WHAT TO DO: Look through the entries below for the line with "plantilla de vectores" and the line with "ขาไม้ ELM กลึงลาย", then give again exactly those two lines and all lines between them, minus the pictures.

SUPPLIED INFORMATION:
# # # # # # #

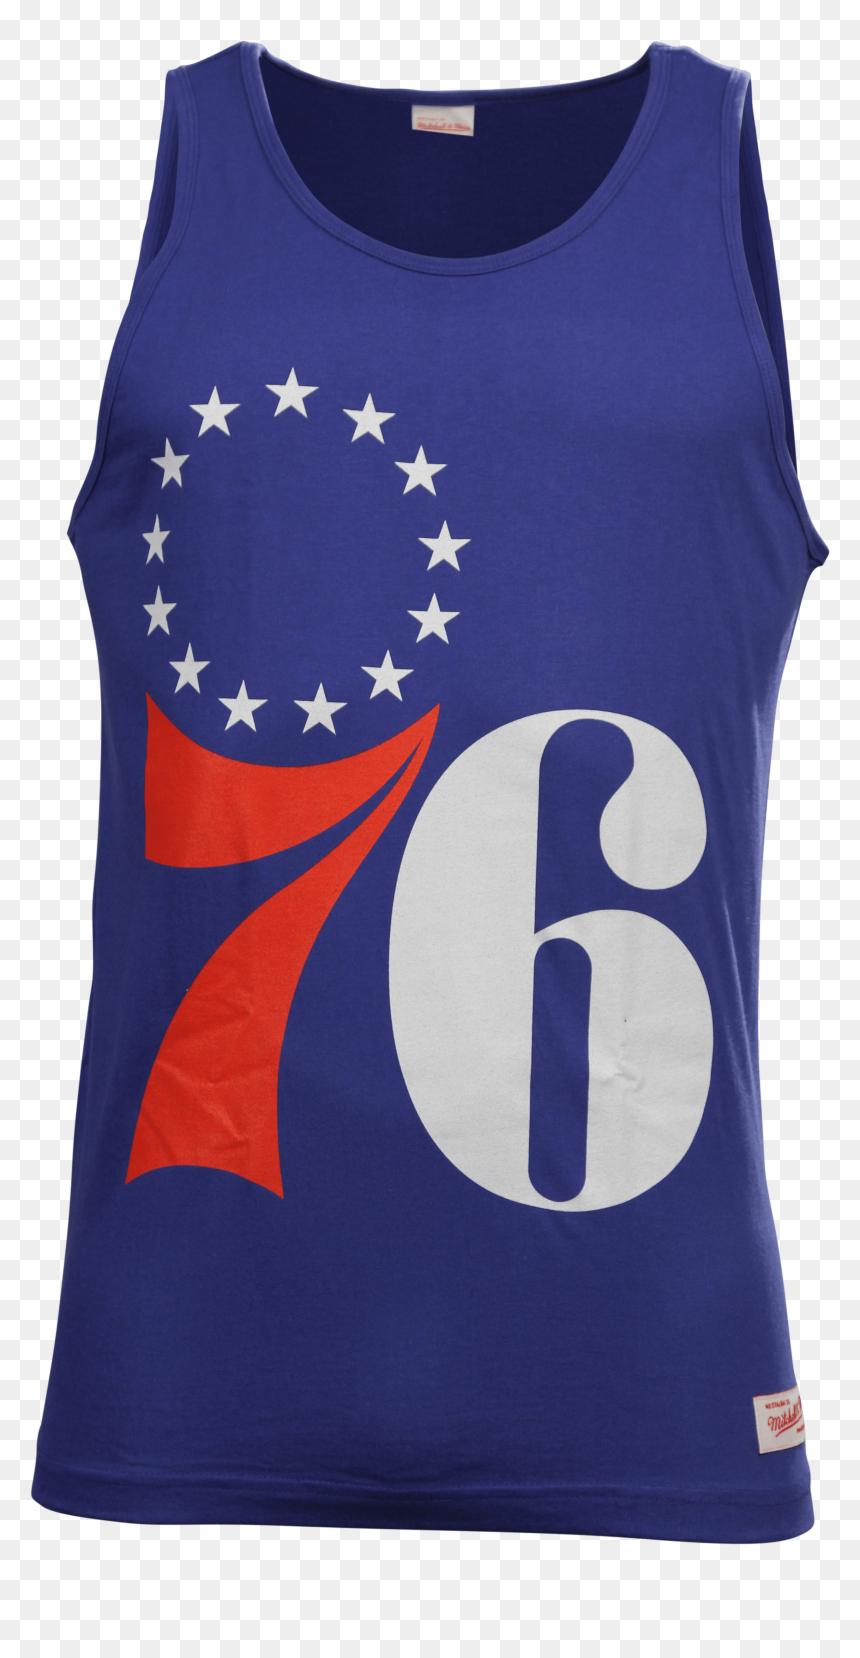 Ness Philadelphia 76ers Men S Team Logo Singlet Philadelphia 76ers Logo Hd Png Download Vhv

# # # # # # #

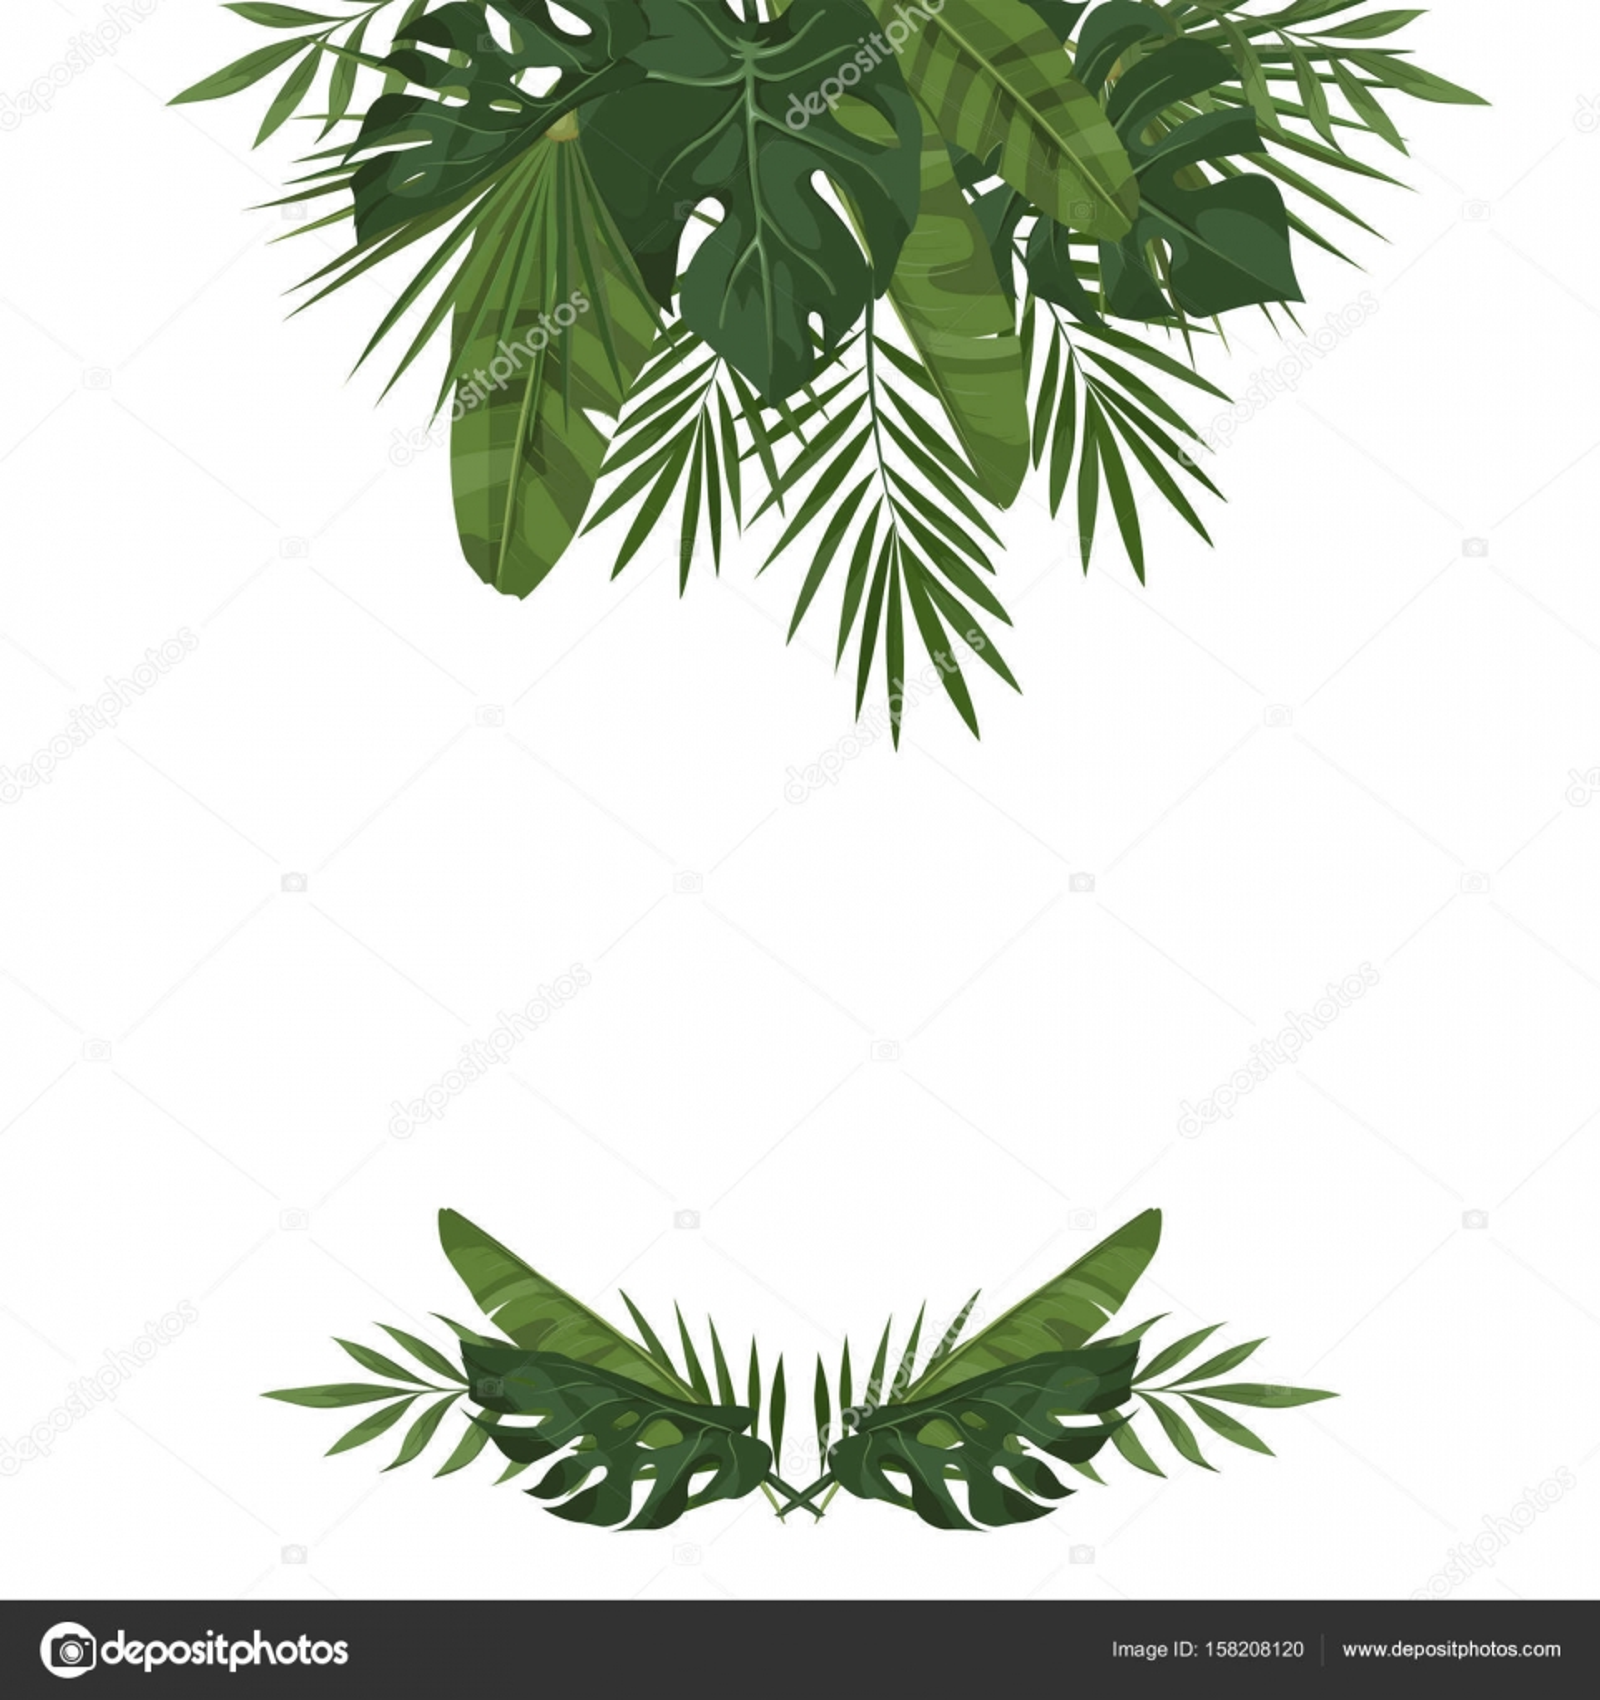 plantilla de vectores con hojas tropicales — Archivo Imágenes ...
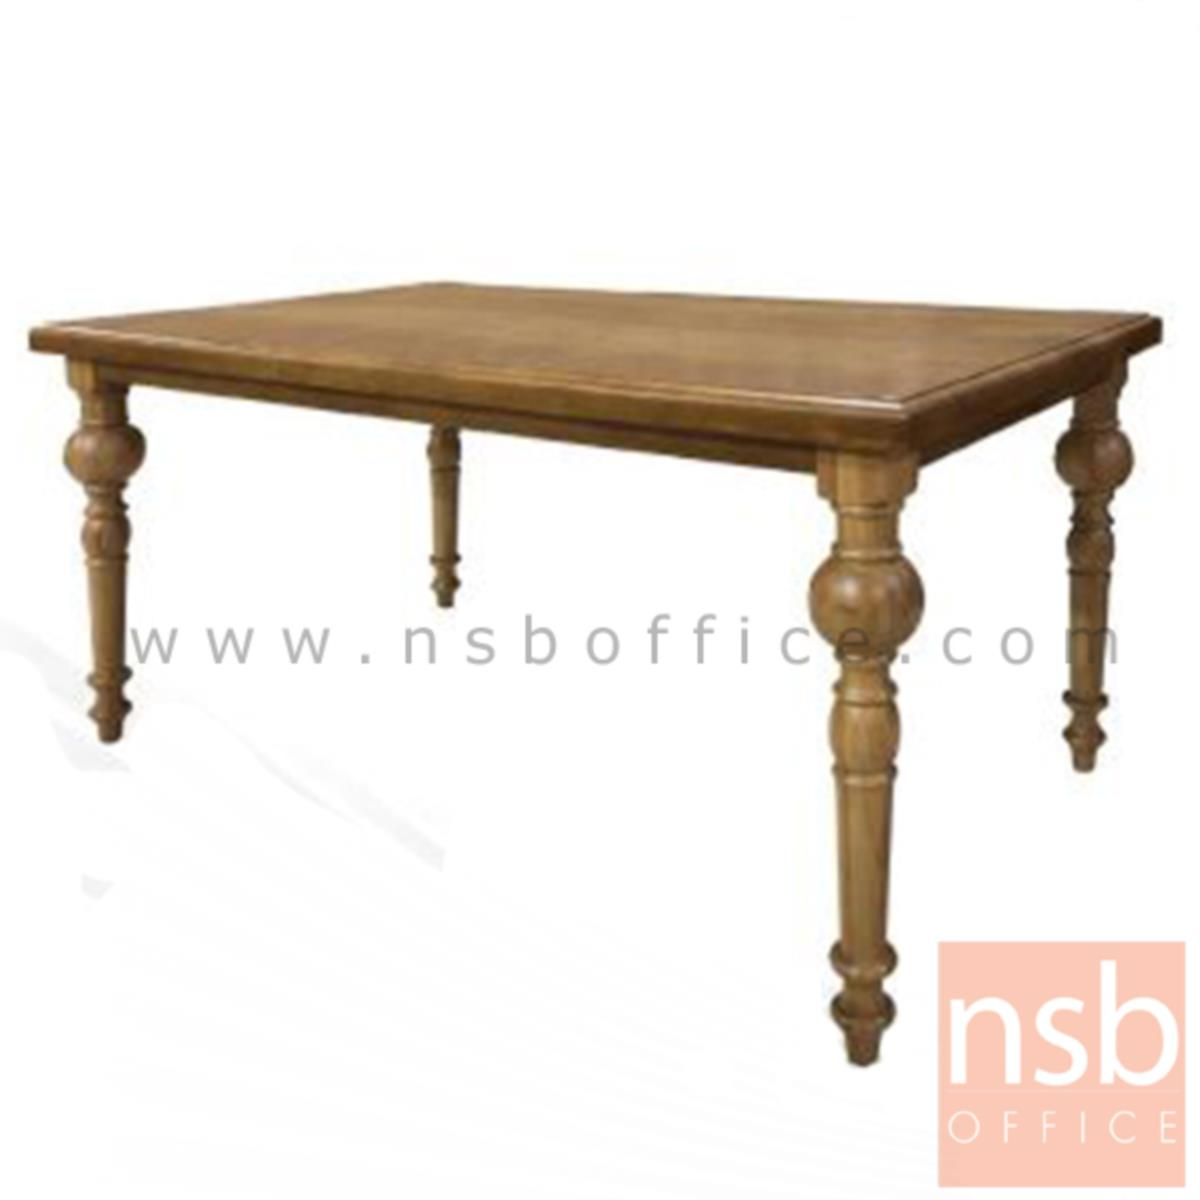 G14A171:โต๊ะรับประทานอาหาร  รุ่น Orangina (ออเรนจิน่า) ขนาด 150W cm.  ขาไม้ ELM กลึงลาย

# # # # # # #

SOLUTION TO THIS PROBLEM:
 plantilla de vectores con hojas tropicales — Archivo Imágenes ...
 G14A171:โต๊ะรับประทานอาหาร  รุ่น Orangina (ออเรนจิน่า) ขนาด 150W cm.  ขาไม้ ELM กลึงลาย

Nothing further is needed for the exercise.